Há 10 anos, Questão de Tempo redefiniu os rumos de uma comédia romântica através de viagens no tempo

Cena do filme questão de tempo. Na imagem está o ator Domhall Gleeson, um homem jovem, magro e de pele branca com cabelos ruivos sentado em uma mesa com um olhar de desespero. Logo atrás dele, está um casal se beijando. Um homem alto, branco de cabelos pretos e uma mulher baixa de cabelos castanhos na altura do ombro, ambos estão com casacos verdes em uma cafeteria.
Richard Curtis é o roteirista de comédias românticas famosas como Quatro Casamentos e um Funeral (1994), Um Lugar Chamado Notting Hill (1999) e Simplesmente Amor (2003) [Foto: Universal Pictures]
Henrique Marinhos

Lançado em 2013, Questão de Tempo foi um experimento muito bem-vindo. Dirigida e roteirizada por Richard Curtis, a comédia romântica, que completa uma década em 2023, explora as possibilidades e os limites das viagens no tempo, tanto como um recurso narrativo quanto uma metáfora para as escolhas e os arrependimentos da vida. O maior acerto do clássico moderno e despretensioso é não se preocupar em explicar mirabolantemente as ciências da viagem no tempo, mas usar seu espaço para relacionar a temporalidade – que quase se personifica – aos afetos dos personagens e suas relações com o mundo.

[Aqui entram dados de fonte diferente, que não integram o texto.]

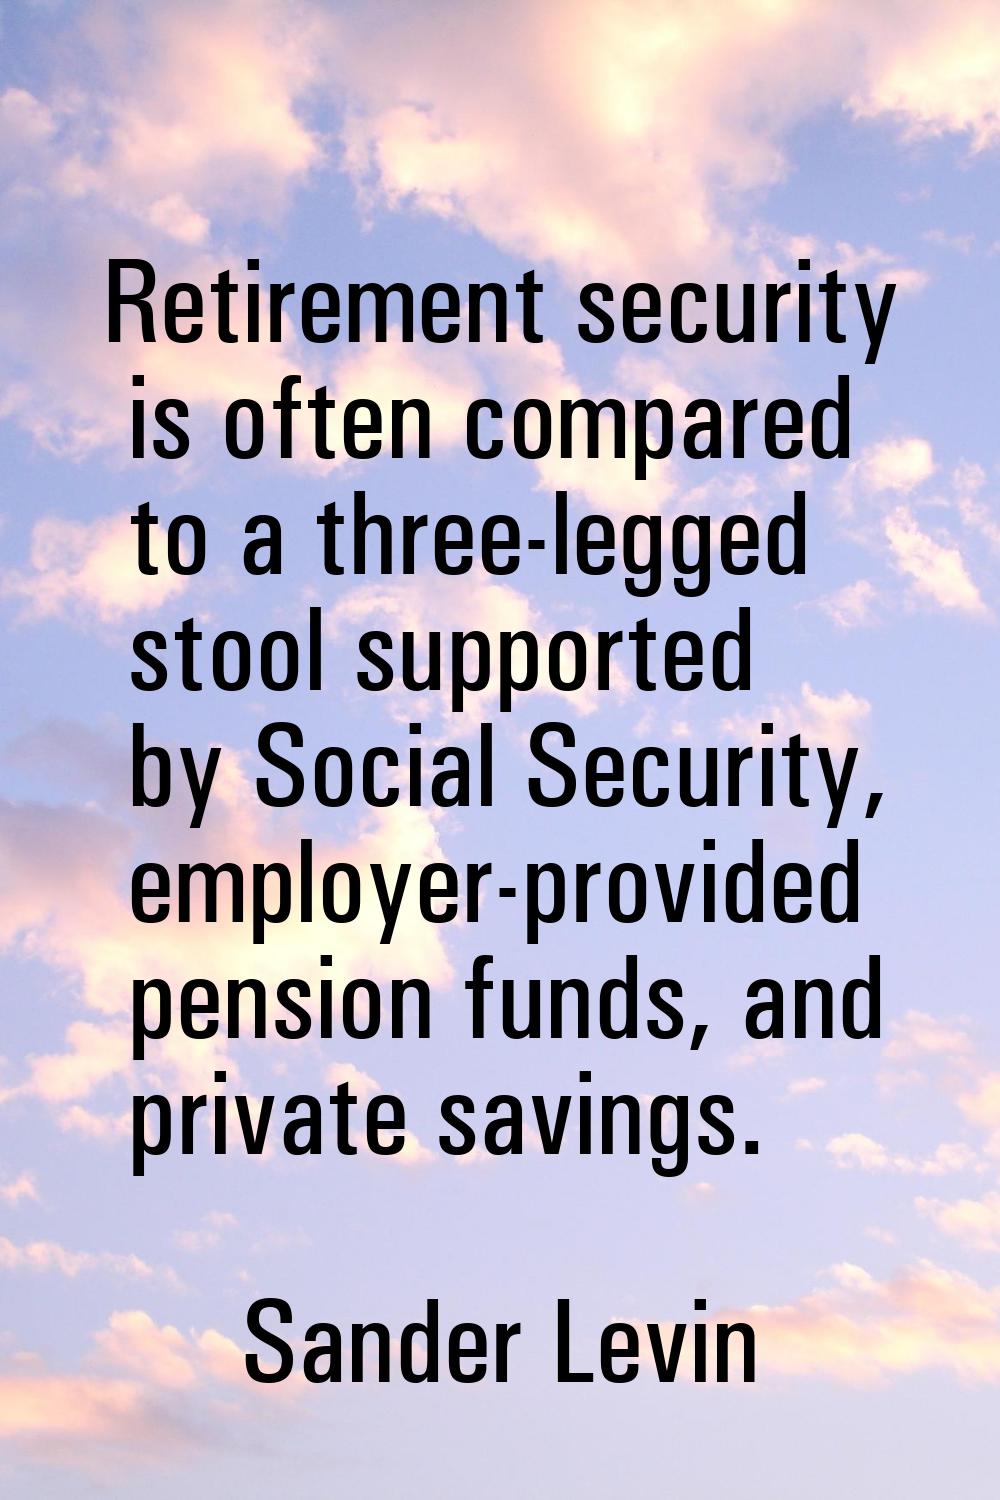 Retirement security is often compared to a three-legged stool supported by Social Security, employe

No nível narrativo, o filme organiza sua trama a partir do ponto de vista de Tim (Domhnall Gleeson), que a partir dos 21 anos, por conta de uma herança familiar, pode voltar ao passado e alterar o que estiver ao alcance de sua vontade. A construção e comunicação da obra se dão a partir do uso do tempo e da relação com o público, sem nenhuma expressividade de heroísmo ou veracidade, como em Interestelar ou De Volta para o Futuro. Ele e seus antepassados podem viajar no tempo e as consequências se atêm às suas vidas, seja para fazer um romance dar certo, evitar um dia ruim ou reviver um bom, consertar arrependimentos ou o que qualquer um faria sem nenhum delírio de grandeza ou problema paradoxal – o que cai muito bem em uma Temperatura Máxima pós-almoço de domingo.

Partindo dessa premissa despretensiosa, quando não aceitamos o contrato, que aparenta ser baseado na lógica fantástica e na identificação com os personagens, temos um problema. Desconsiderando todo aparato científico presente em filmes como Vingadores: Ultimato e outros muitos do gênero, a utilização das viagens no tempo não é um meio para criar reviravoltas ou resolver conflitos históricos, mas sim um recurso para explorar as possibilidades e os limites das escolhas e dos arrependimentos da vida. A saída da curva de expectativas causa estranhamento, mas, positivamente, já que também é uma forma de surpreender e desafiar o espectador, tocando em preconceitos em relação ao gênero. Questão de Tempo também não se limita ao humor ou ao romance, construindo relações entre a família, a amizade, a paternidade e a morte.

Cena do Filme Questão de Tempo. Nela estão cinco personagens em família em um local cercado por grama. Todos os membros são brancos e estão carregando equipamentos de tênis. Ao fundo está um mar desfocado e outros pedaços de terra que se parecem com ilhas. Todos estão felizes andando para a direita da imagem.
Curtis sempre tenta incluir algum personagem cômico chamado Bernard em seus filmes, por conta do parlamentar conservador de North Essex, Bernard Jenkin, que é casado com sua ex–namorada (Foto: Universal Pictures)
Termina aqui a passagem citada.